#### EXERCISE:
Reproduce, word for word, the lines in the material below starting with the one that has "ズールとゴルゴサウルスの対峙シーン" and going on through the one that has "by Paul Eekhoff". Leave out all pictures.

#### INPUT:
━━━━━━━━━━━━━━━━

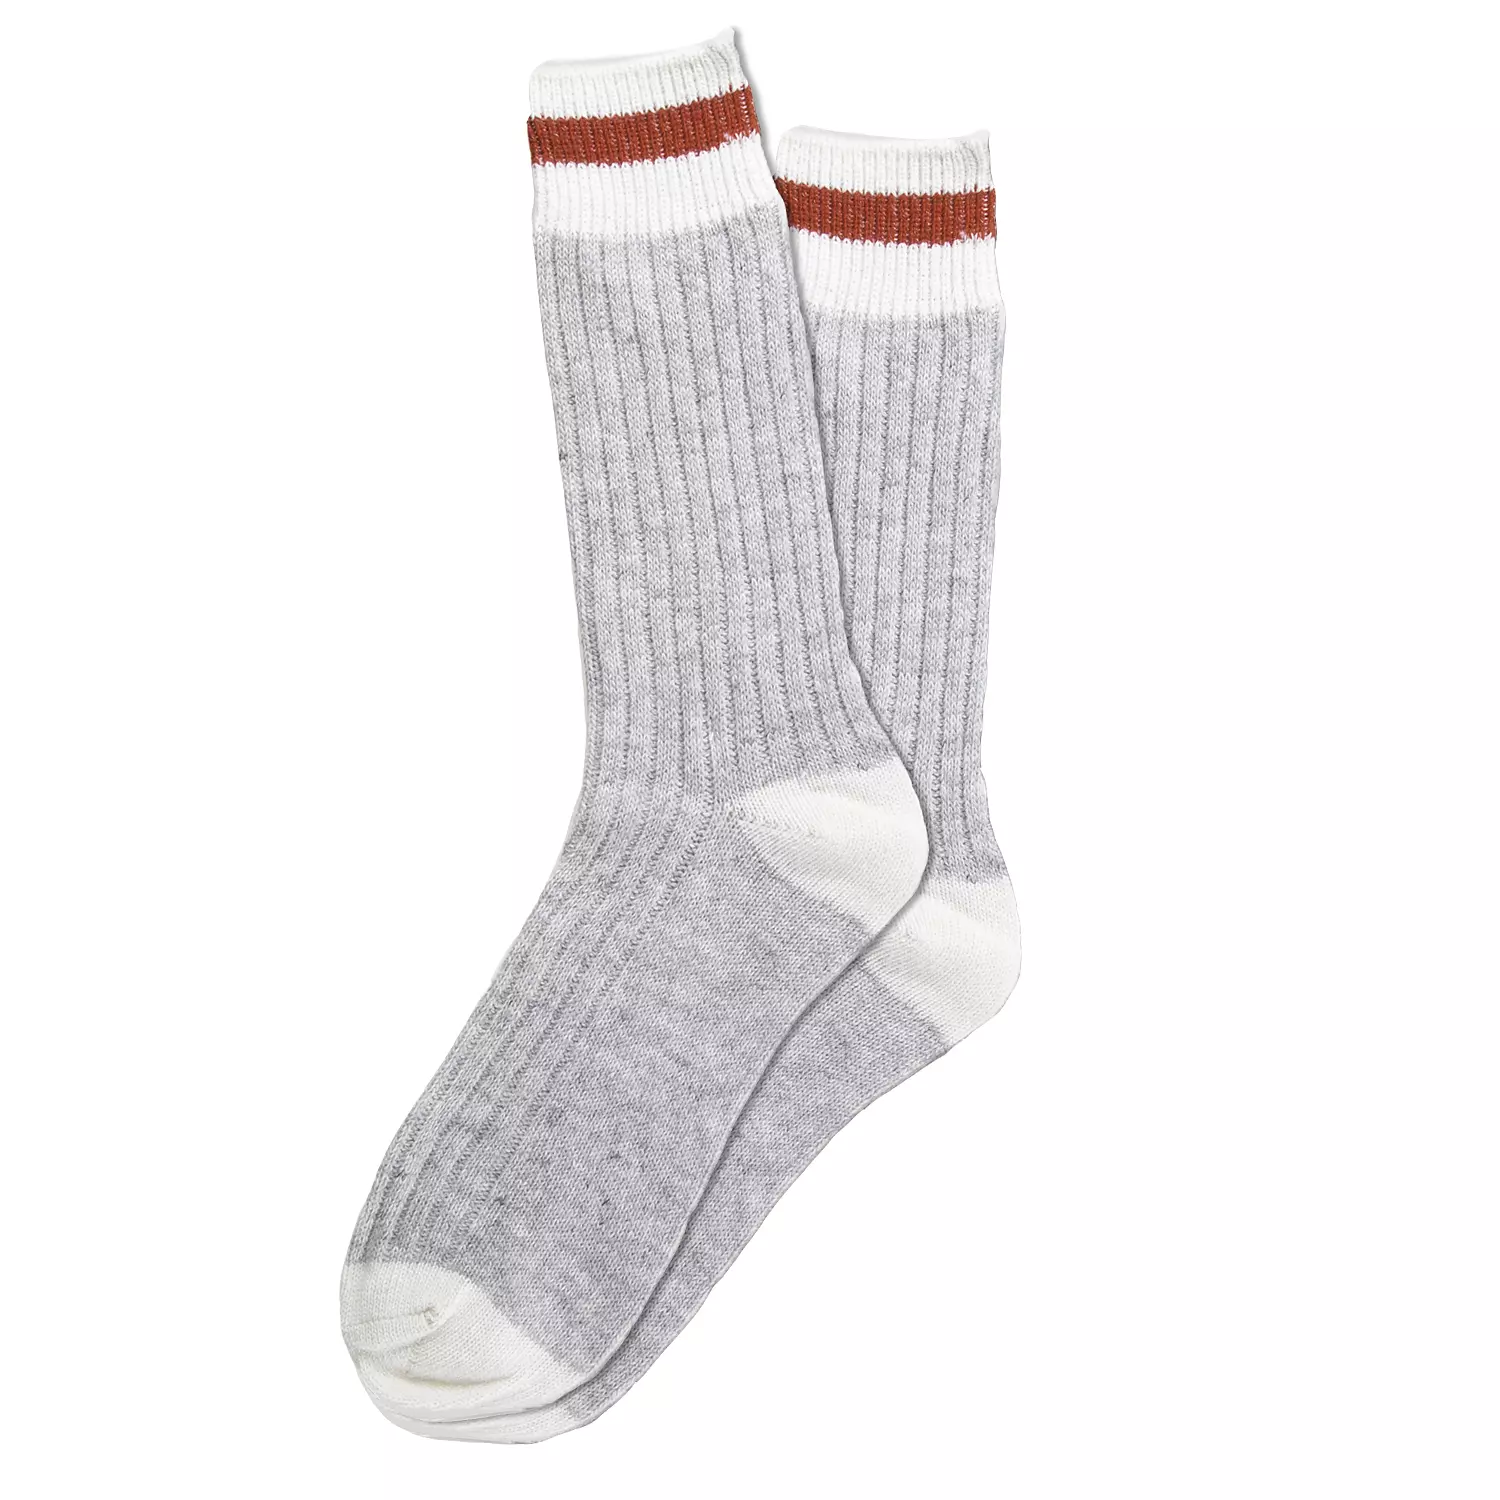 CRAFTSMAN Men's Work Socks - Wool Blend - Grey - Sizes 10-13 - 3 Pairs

━━━━━━━━━━━━━━━━

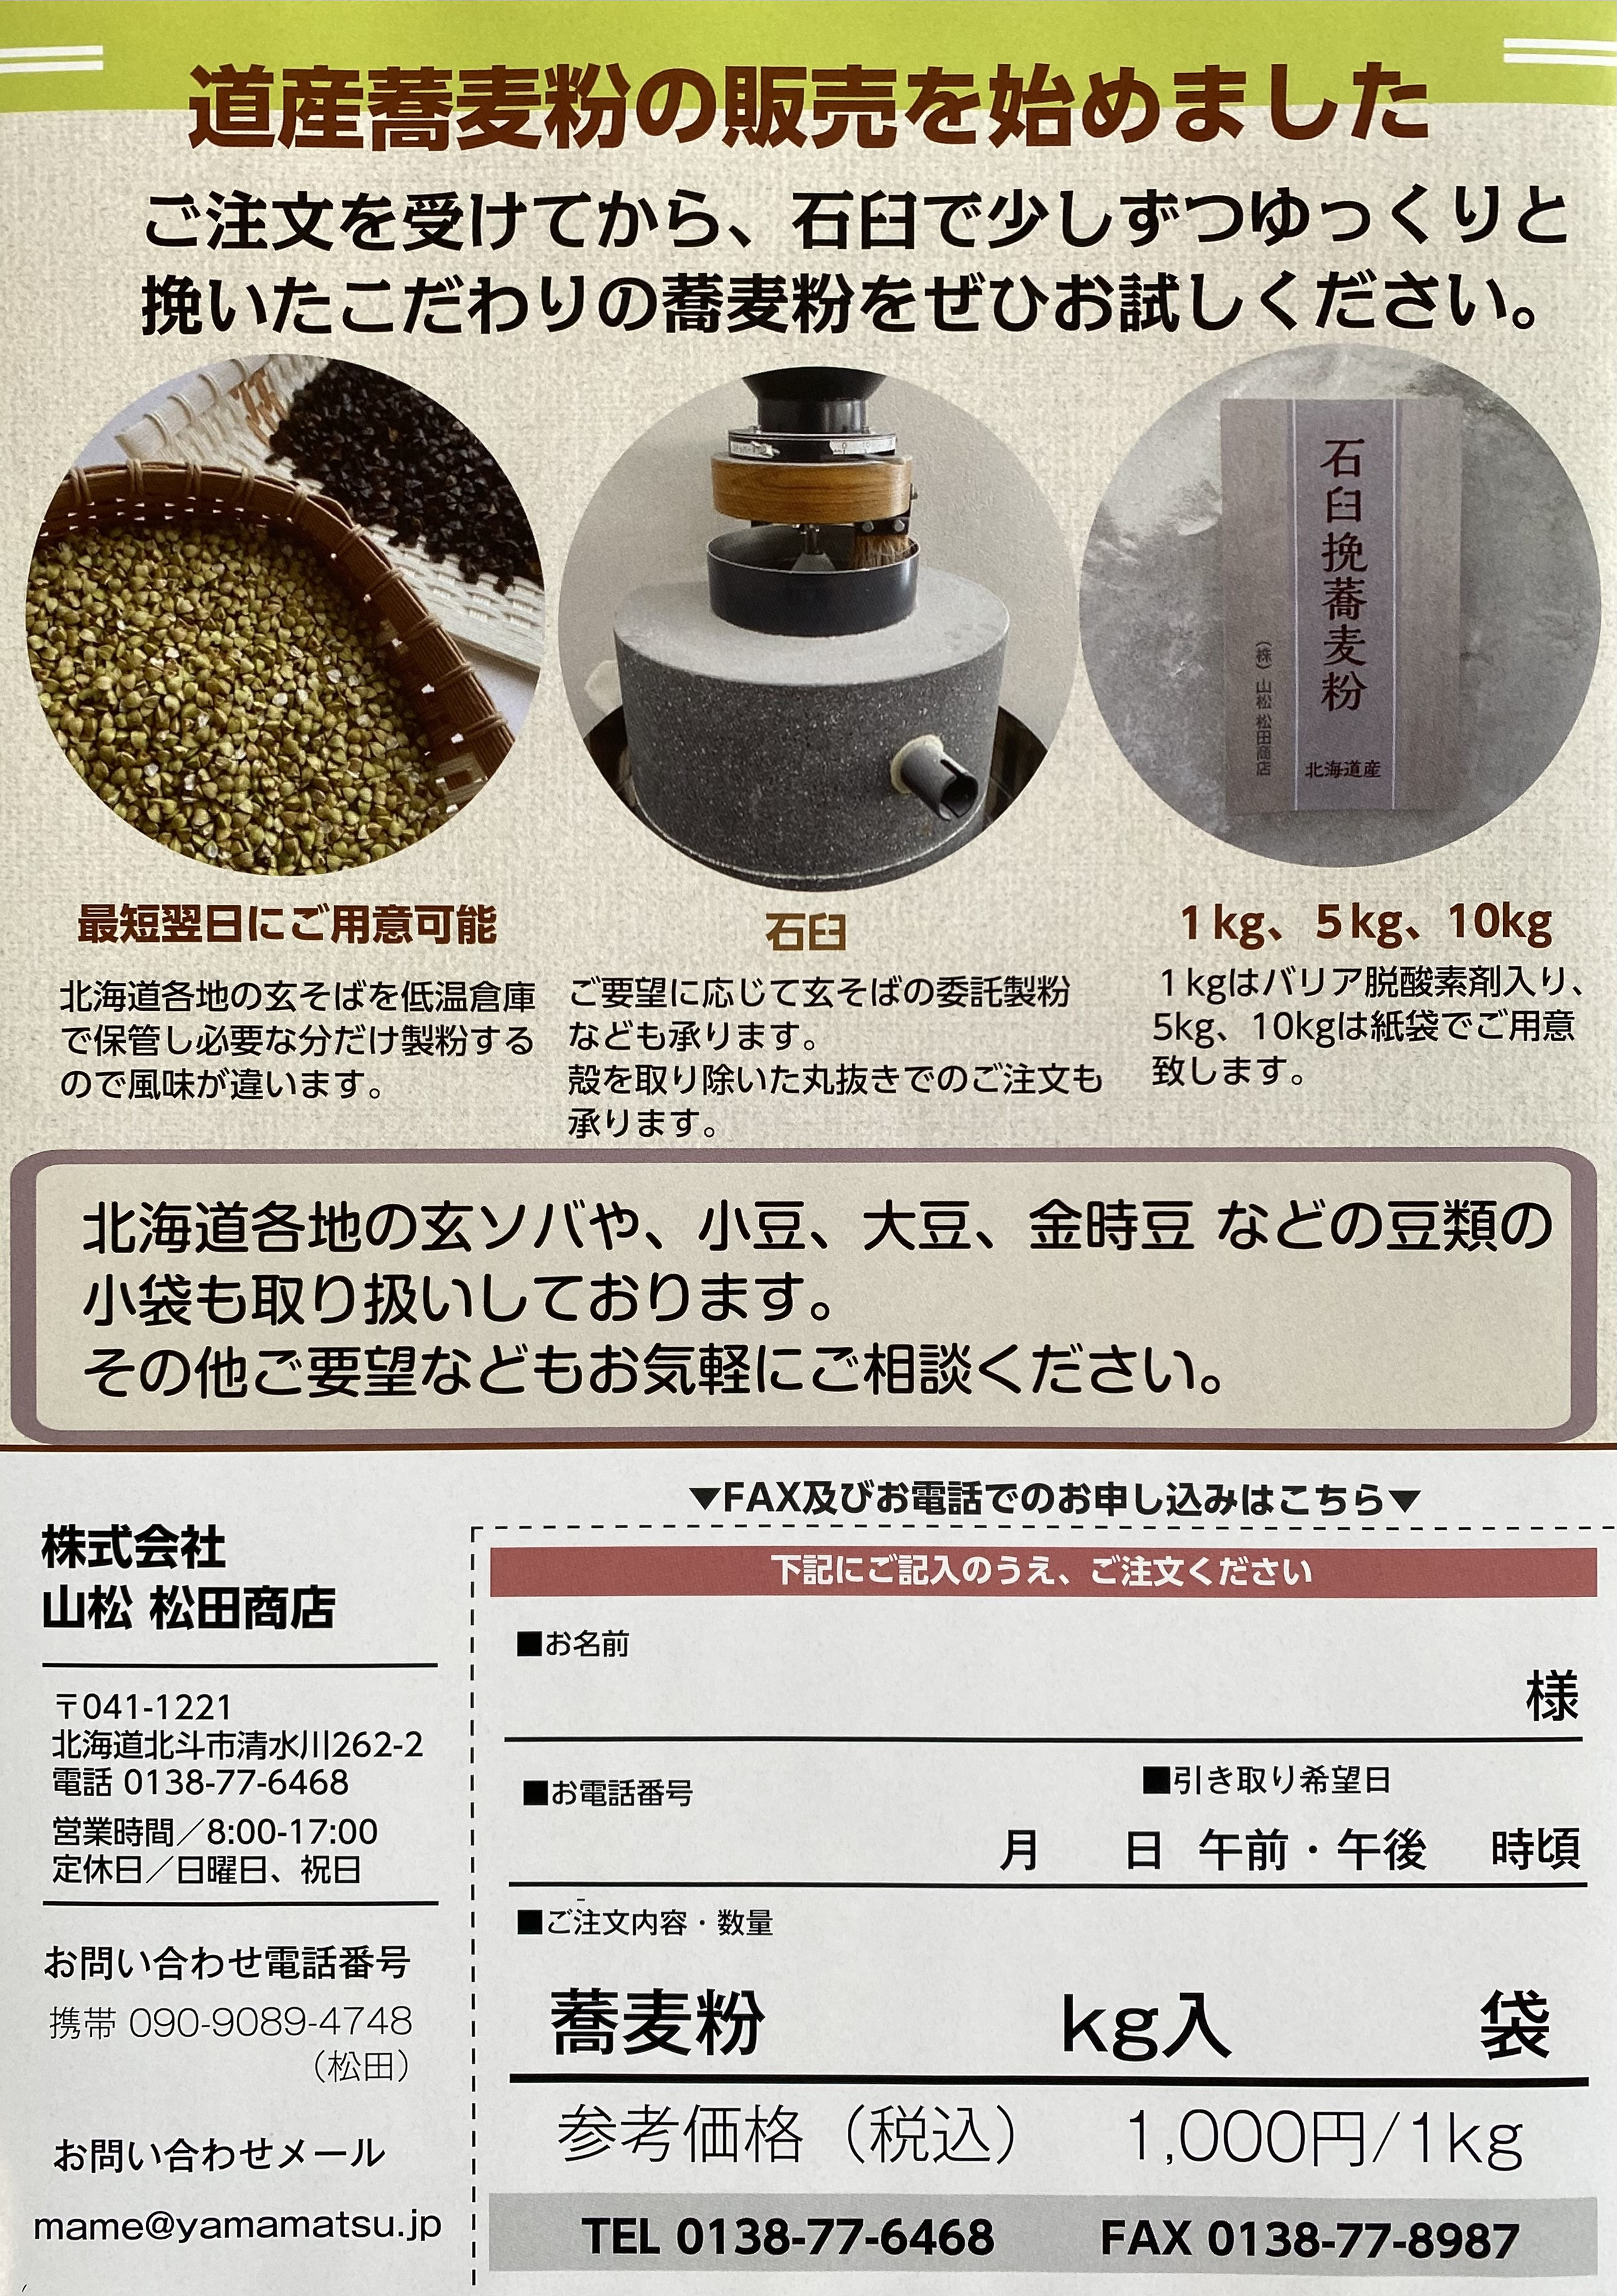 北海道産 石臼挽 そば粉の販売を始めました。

━━━━━━━━━━━━━━━━

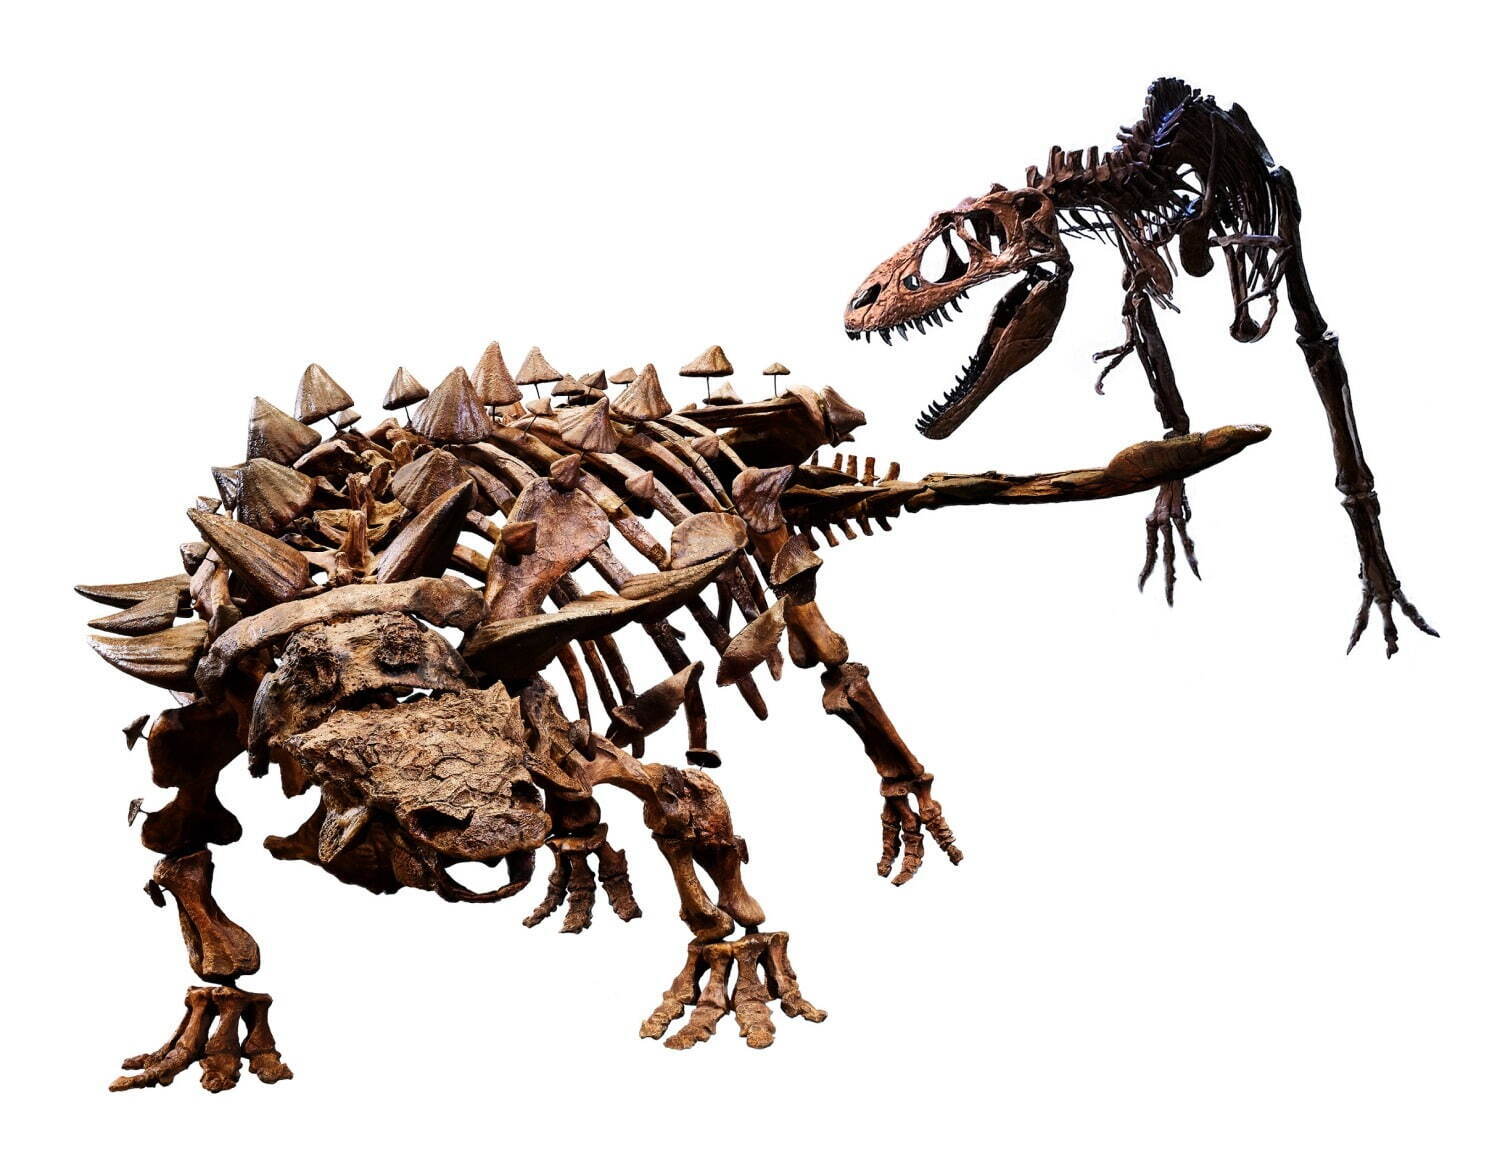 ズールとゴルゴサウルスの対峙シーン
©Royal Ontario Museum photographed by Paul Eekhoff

━━━━━━━━━━━━━━━━

#### SOLUTION TO THIS TASK:
 ズールとゴルゴサウルスの対峙シーン
©Royal Ontario Museum photographed by Paul Eekhoff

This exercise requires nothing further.